17:53, June 12, 2012
Recently, I’ve been playing with message queue-based interprocess communication in Python. I’ve got an application idea which uses a client / worker-pool distributed processing concept, and wanted to test out a few of the options available.
Tested libraries/services include:
Yes, I know that ZooKeeper isn’t really an MQ, but it’s pretty easy to implement one with it.
0MQ is exactly what they say: “sockets on steroids”. There’s no 0MQ “daemon”, no extra processes, just sockets and a library to talk via them. This is both good and bad.
Without a daemon, it means that there’s no extra point of failure to rely upon, you get full control over your queues and how they’re used. But also, you don’t get clustering unless you do it yourself, you don’t get any administration tools unless you do them yourself, no access control unless you do it yourself, &c.
Working with 0MQ
It took me a while to figure out how many queues I needed for my concept, and how to route them. I designed separate client and worker processes, with a single broker to manage the worker pool. This setup was a bit complex, with client having an output to the broker’s input queue, and an input queue for responses from workers. The broker has a single input queue, with various outputs to each of the workers in the pool. The workers each had an input queue.
Actual code for 0MQ is reasonably simple. I ended up making a few objects to wrap the low-level stuff, but it’s not like 0MQ is overly verbose. There’s a lot of different queue options, all of which do things slightly differently, I ended up using PULL for the worker and client input, PUSH for client -> broker, and PULL into the broker and PUSH out of the broker.
Decent. A bit limited. Not very robust unless you want to do your own heartbeat stuff, it’s a little hard to tell that you’ve actually connected and sent a message and that message was definitely received. I probably won’t use it for this.
Celery is a task/job queue built on message passing, which uses one of a handful of MQ systems. I used RabbitMQ via amqp, because I had it installed already.
Working with Celery
Celery is a very high-level library, which uses decorators to indicate task procedures. You can do a lot with very minimal code.
I ended up stopping work on Celery, I just didn’t like how the system works. For one, I’m not really a fan of decorators which do a lot behind the scenes, because it’s not really obvious what is going on at a glance.

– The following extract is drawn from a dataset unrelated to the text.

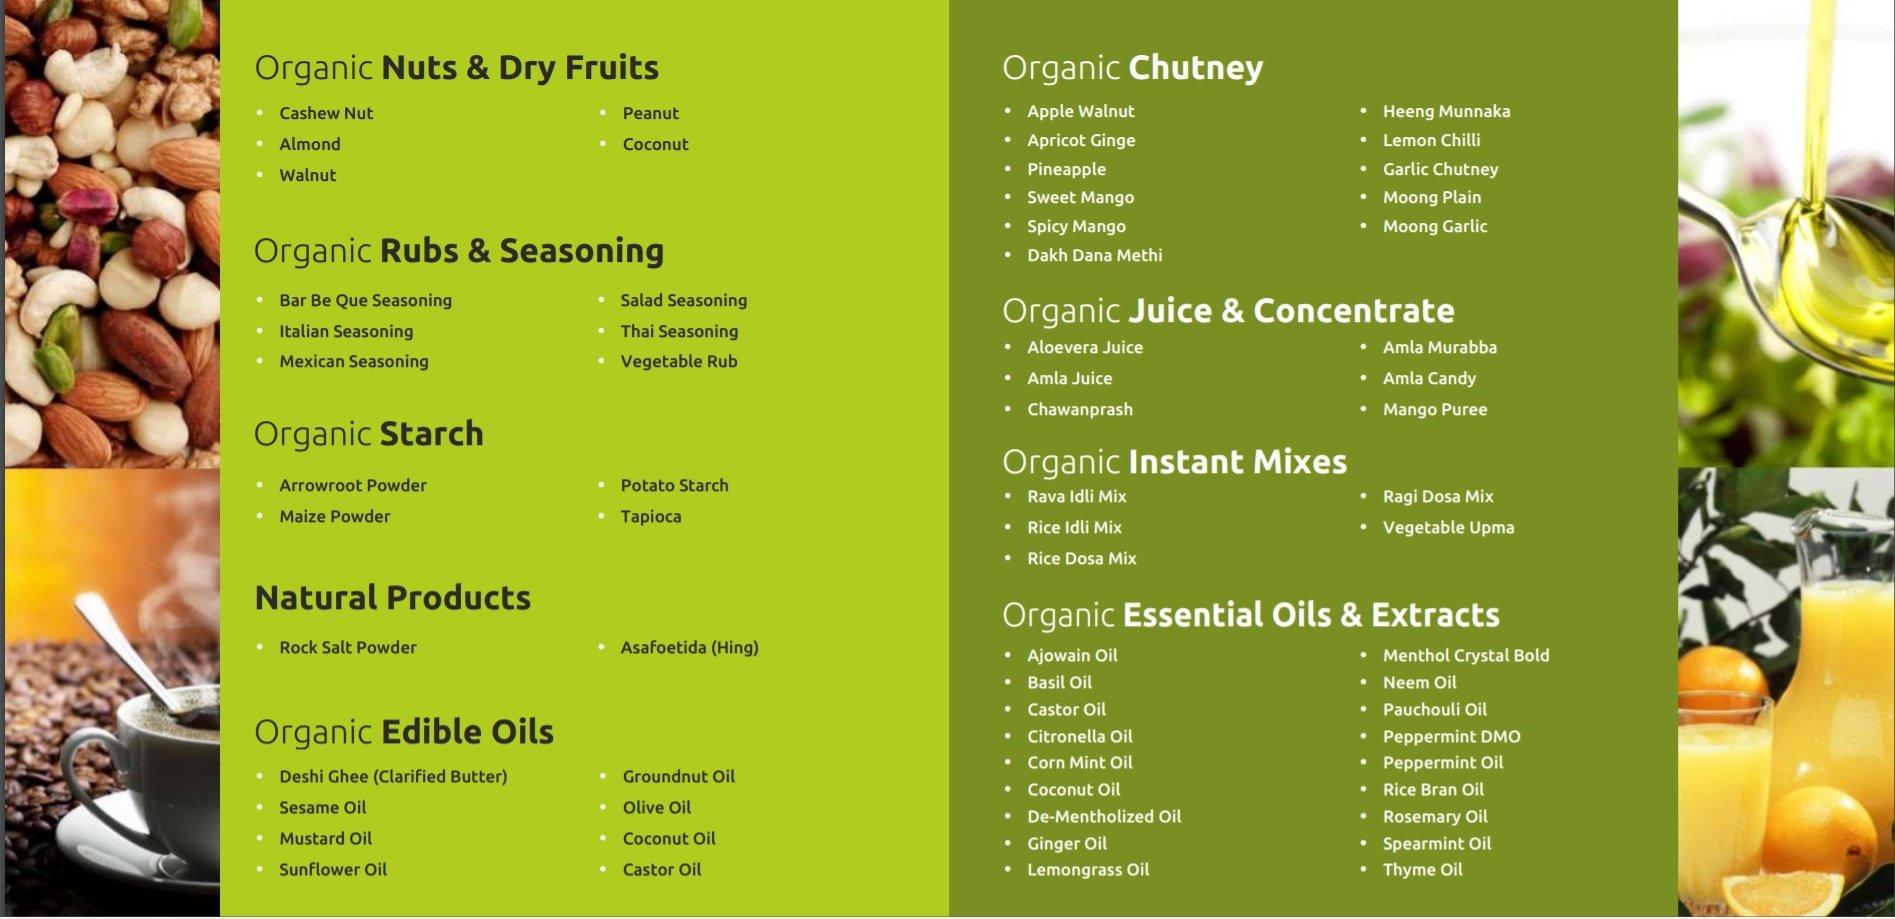 Organic Moong Dal Split Without Skin (Moong Mogar) 4 Pounds, USDA Organic, Non-GMO - Green Sense

Also, there’s no clear way to have a callback when a task is complete, you can only check on the status of jobs from the caller. You can chain tasks, but the subtasks will run in the worker process, not the caller, which just isn’t going to be useful for me.
As I said, ZooKeeper isn’t really a MQ system, it’s more of a shared storage system for maintaining configuration, naming, synchronization, and the like, but it’s easy to make a message queue. You just make a node for the queue, and therein make a sub-node for each message, letting ZooKeeper name them sequentially. Your worker can process them in order.

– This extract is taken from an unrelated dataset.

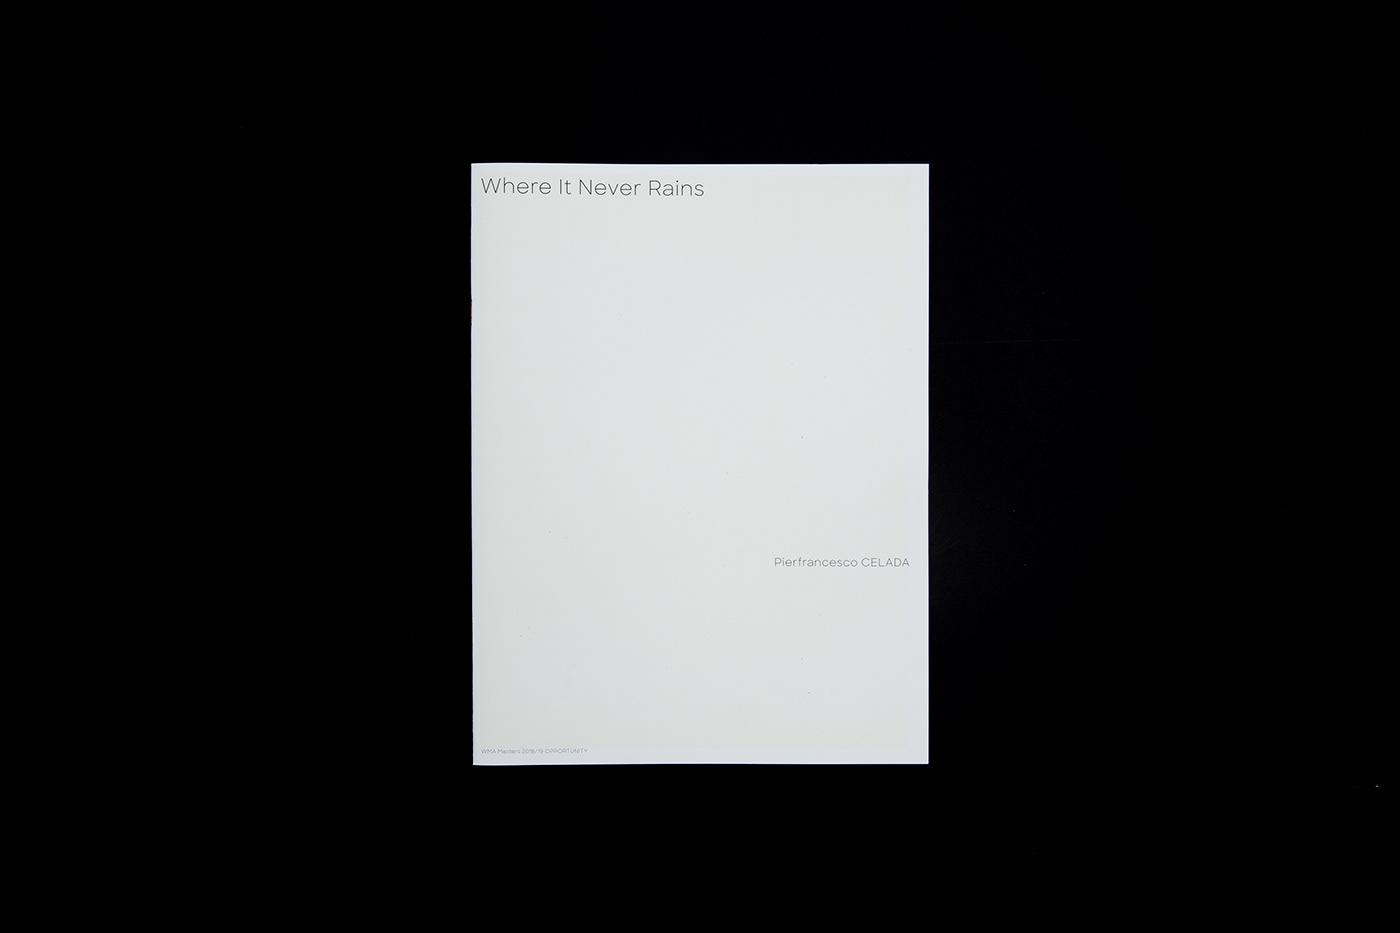 art binding book Bookwork EXHIBITION ON PAPER hongkong opportunity photobook publication social

ZooKeeper is designed from the start to be robust and distributed, which allows the application developer to not really worry about these things.
Working with ZooKeeper
The python library included in the ZooKeeper source is a bit low-level, so I wrote a basic wrapper library to provide object- oriented access to ZNodes, then built a “ZQueue” object on top of my ZNode class. I found that treating the ZooKeeper tree as a tree of objects works very well when building higher level applications.
My method of making a ZNode for the queue and then ZNodes for each message means ZooKeeper acts as the broker, and there’s no need to write a middle layer.
I like ZooKeeper.
It’s not really a MQ, so I probably won’t use it as such, but I’m glad I tried it out, I can think of lots of other uses for it.
Pika and RabbitMQ
Pika is a pure-Python implementation of AMQP 0.9.1, the standard MQ protocol used by various MQ brokers, including my choice here, RabbitMQ.
RabbitMQ is a robust message broker with a management interface and bindings for many languages.
Pika is reasonably flexible, not too low-level but not too high. RabbitMQ is quite full-featured, including a full management interface which lets you inspect queues, and a full access-control system which is entirely optional.
Working with Pika 0.9.5
The Pika library is a little lower level than say, Celery, but it’s still reasonably easy to work with. Doing blocking work is rather easy, but doing anything asynchronous or CPS is a little more complex, you have to define mutliple callbacks. I just created objects for both my client and worker.
With RabbitMQ acting as the broker, there’s no need to build a broker layer like we did with 0MQ.
Pika has lots of nice features. You can create named, permanent queues, temporary unnamed queues, full message exchanges, tag messages with types and filter on those types, require or discard ACKs, &c. I see lots of possibilites there.
RabbitMQ servers can be clustered to form a single logical broker, and you can mirror queues across machines in a cluster to provide high availability.
In fact, Pika/Rabbit seems to have far more features than I’ll actually need for the project I have in mind - which is good, really.
So far, as should be obvious, I’m going to use Pika and RabbitMQ. I’ve only been playing with the combo for a day, so expect more to come here.